━━━ Supplied information ━━━

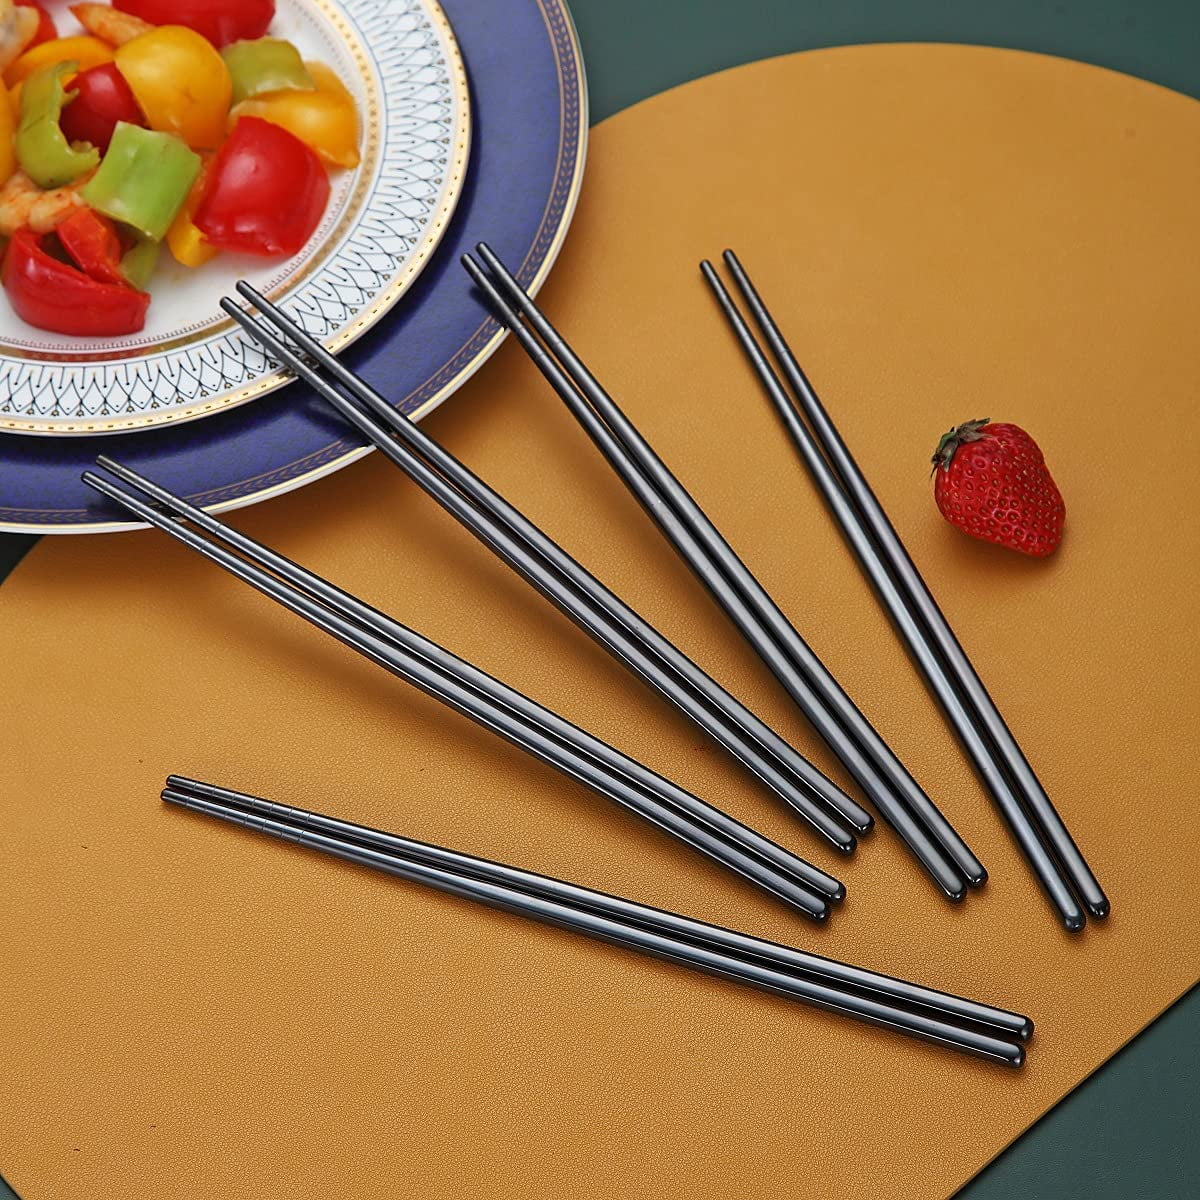 PRETYZOOM 30 Pairs Stainless Steel Chopsticks Metal Chopsticks Reusable  Metal Chop Sticks Wooden Portable Utensils Japanese Chopsticks Daily Use
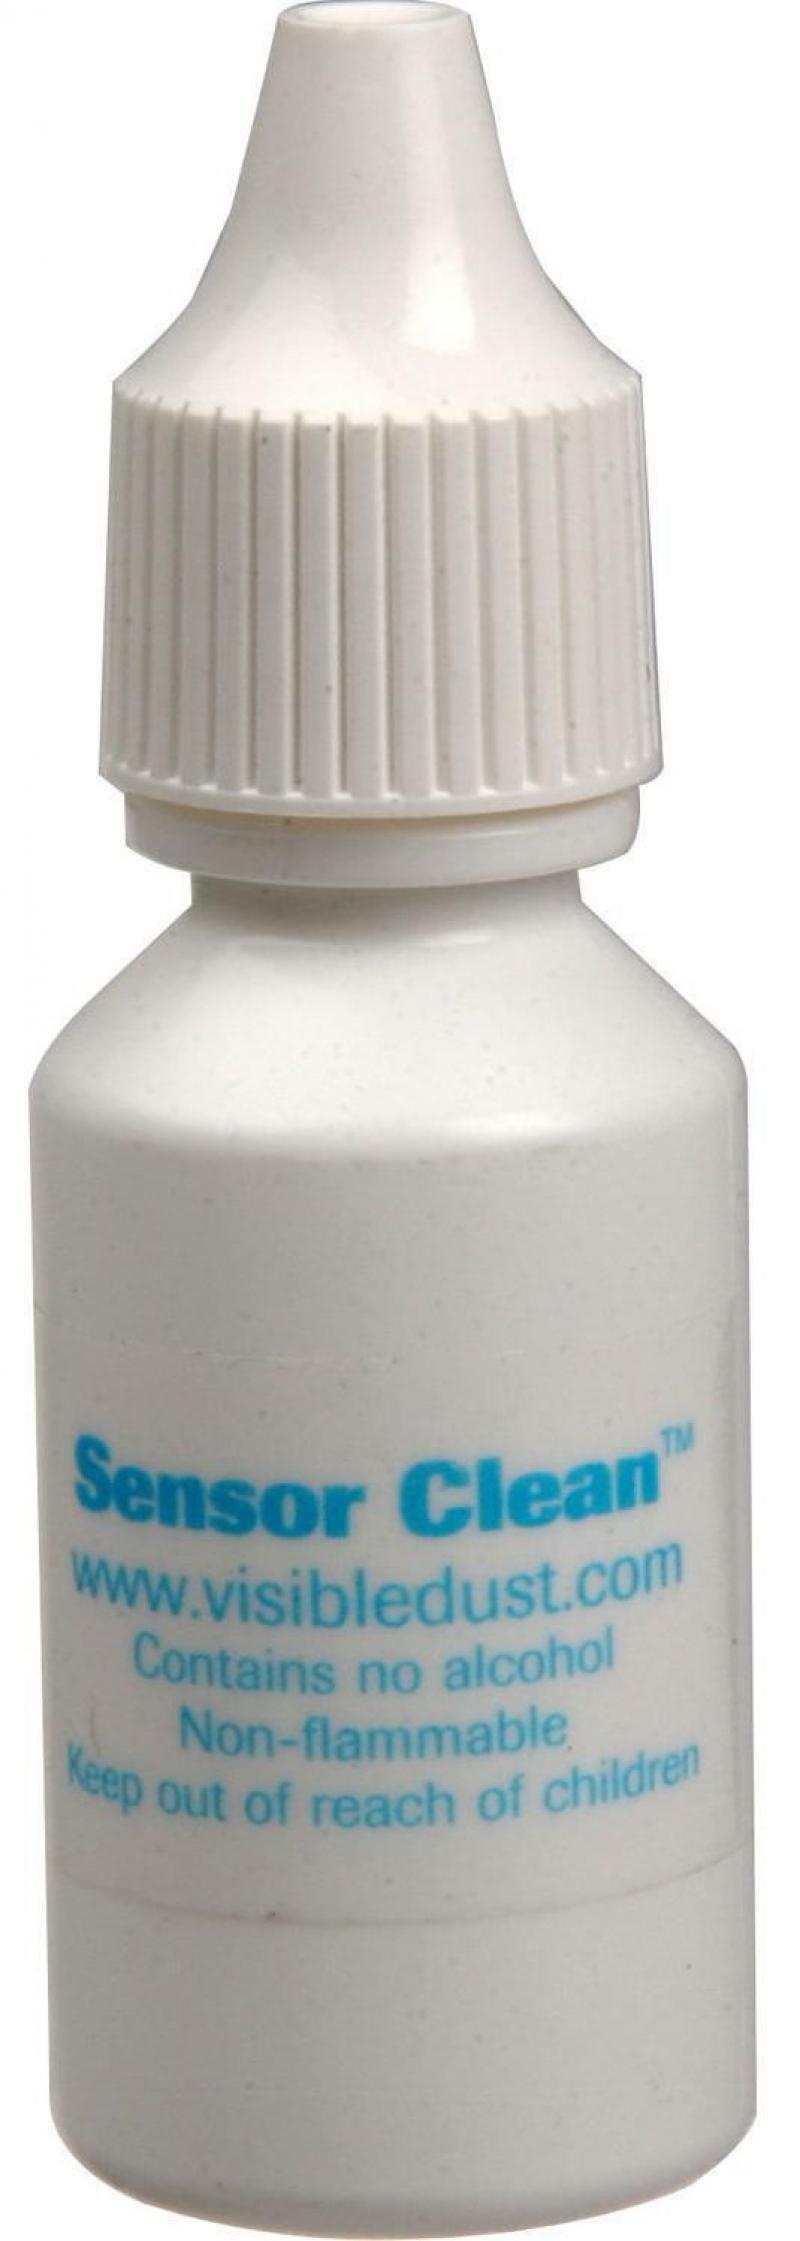 Visible Dust Sensor Clean 16ml,
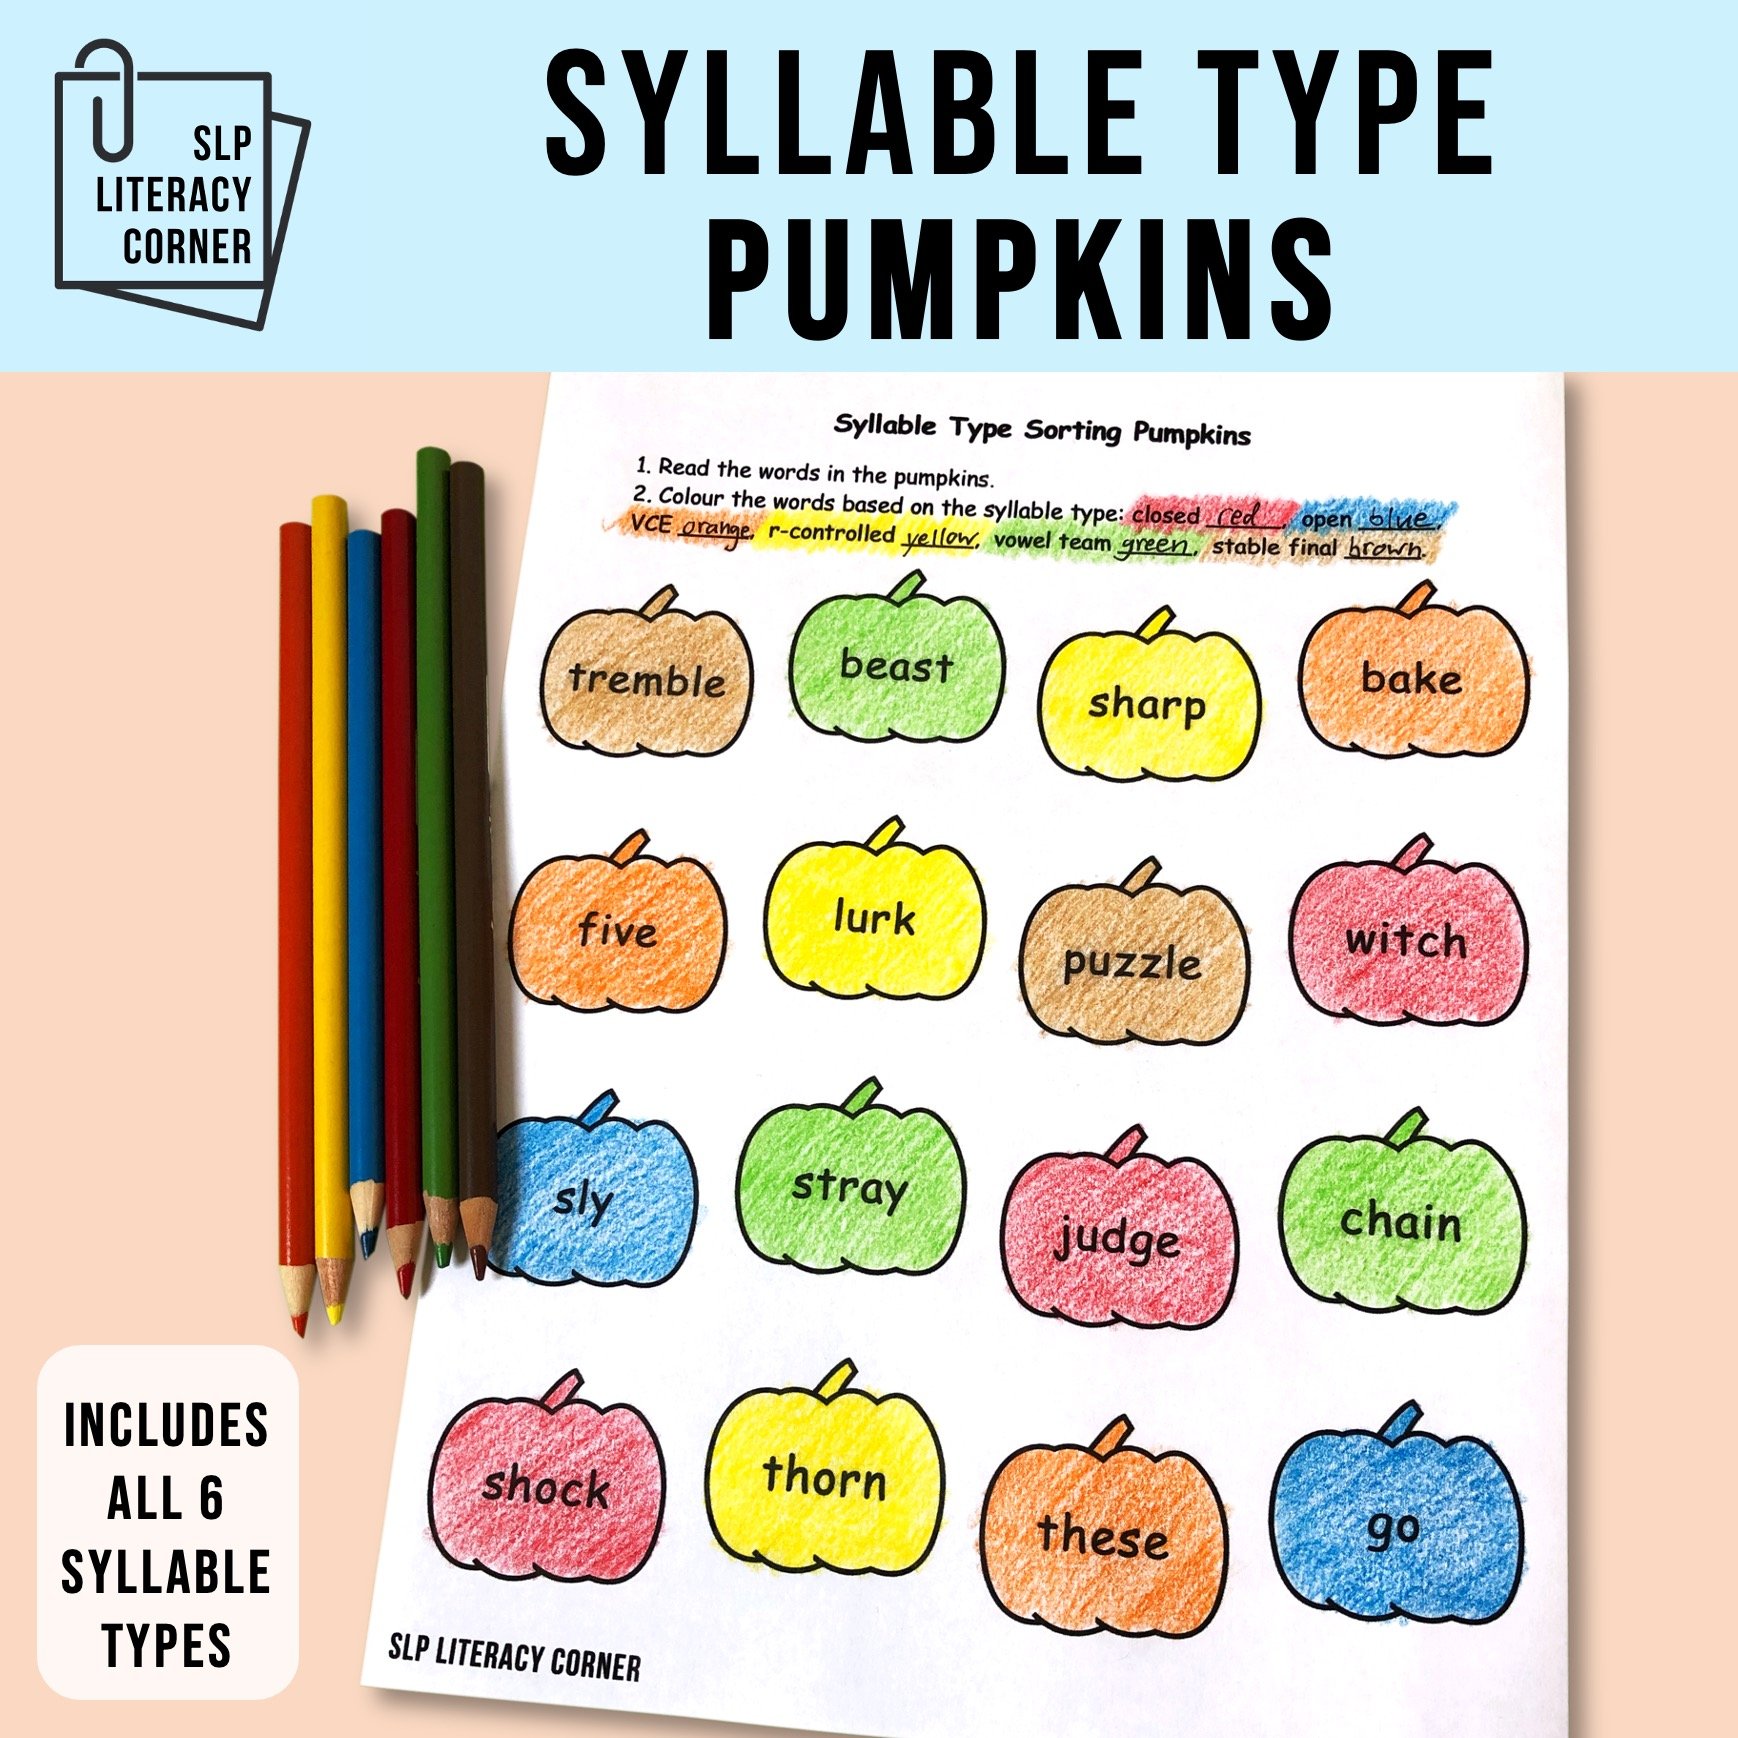 Syllable Type Pumpkins.jpeg
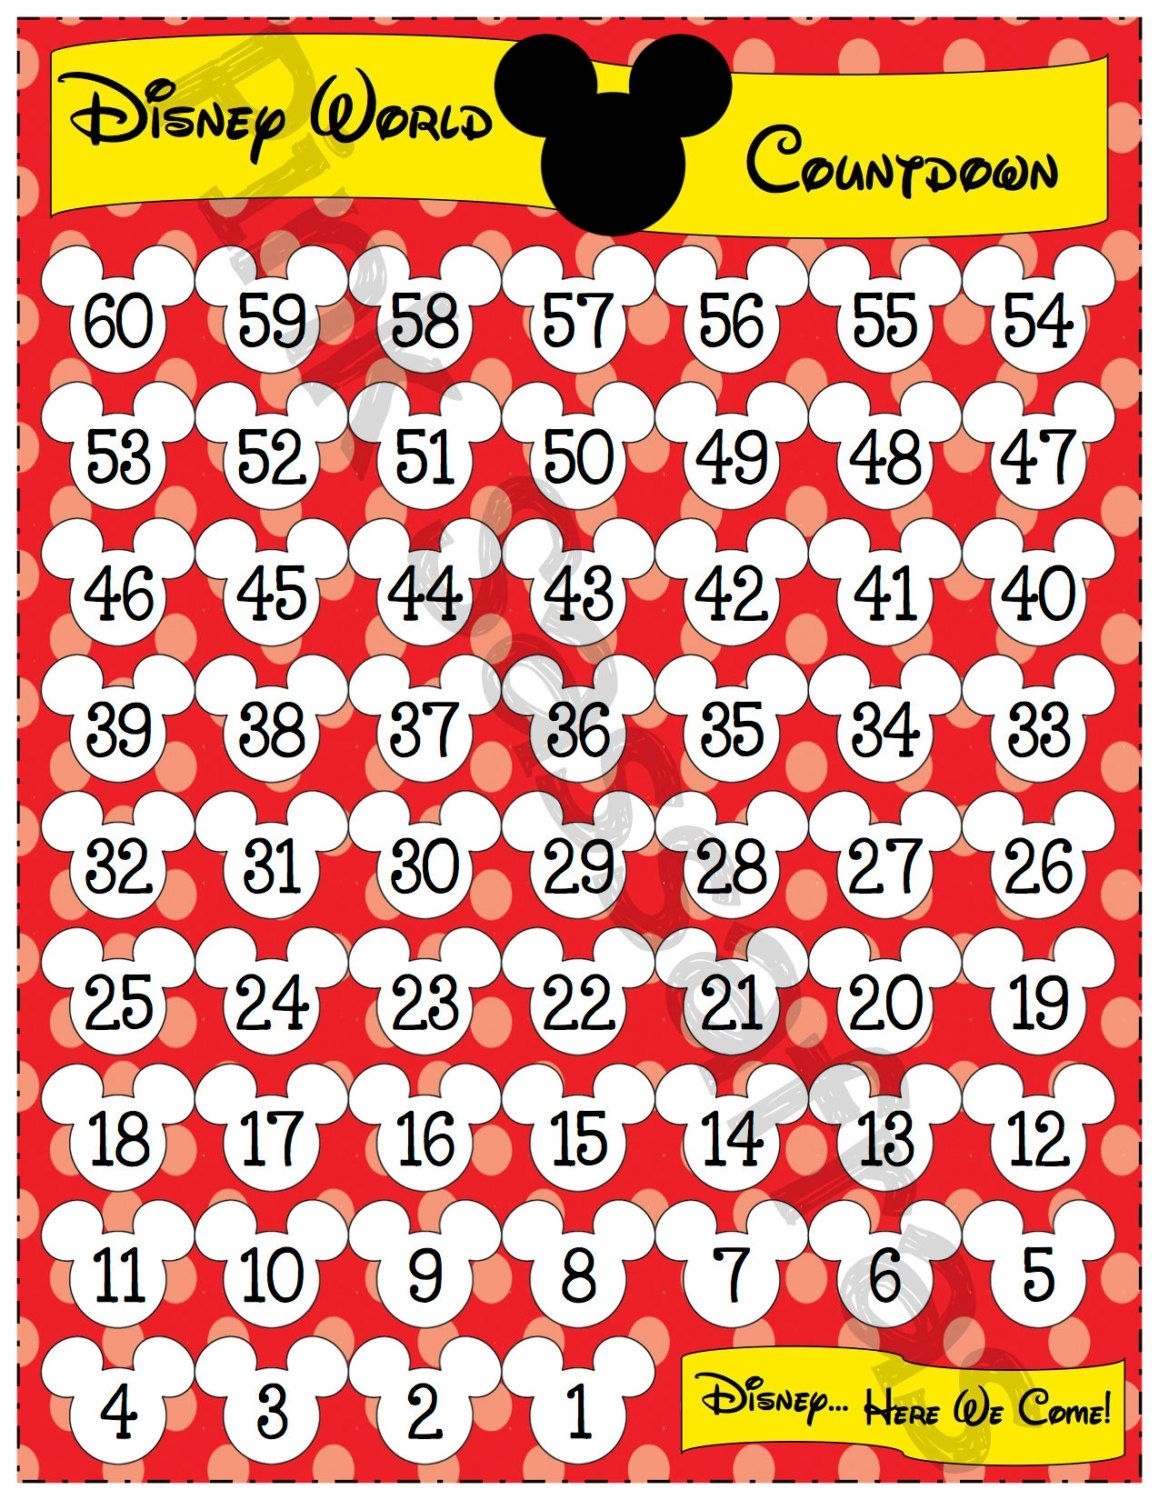 Latest Printable Disney Countdown | Disney Countdown Remarkable Printable Disney Countdown To 60 Calendar

━━━

** Problem **
Copy the listing over exactly, skipping the pictures it holds.

** Task result **
 PRETYZOOM 30 Pairs Stainless Steel Chopsticks Metal Chopsticks Reusable  Metal Chop Sticks Wooden Portable Utensils Japanese Chopsticks Daily Use
 Visible Dust Sensor Clean 16ml,
 Syllable Type Pumpkins.jpeg
 Latest Printable Disney Countdown | Disney Countdown Remarkable Printable Disney Countdown To 60 Calendar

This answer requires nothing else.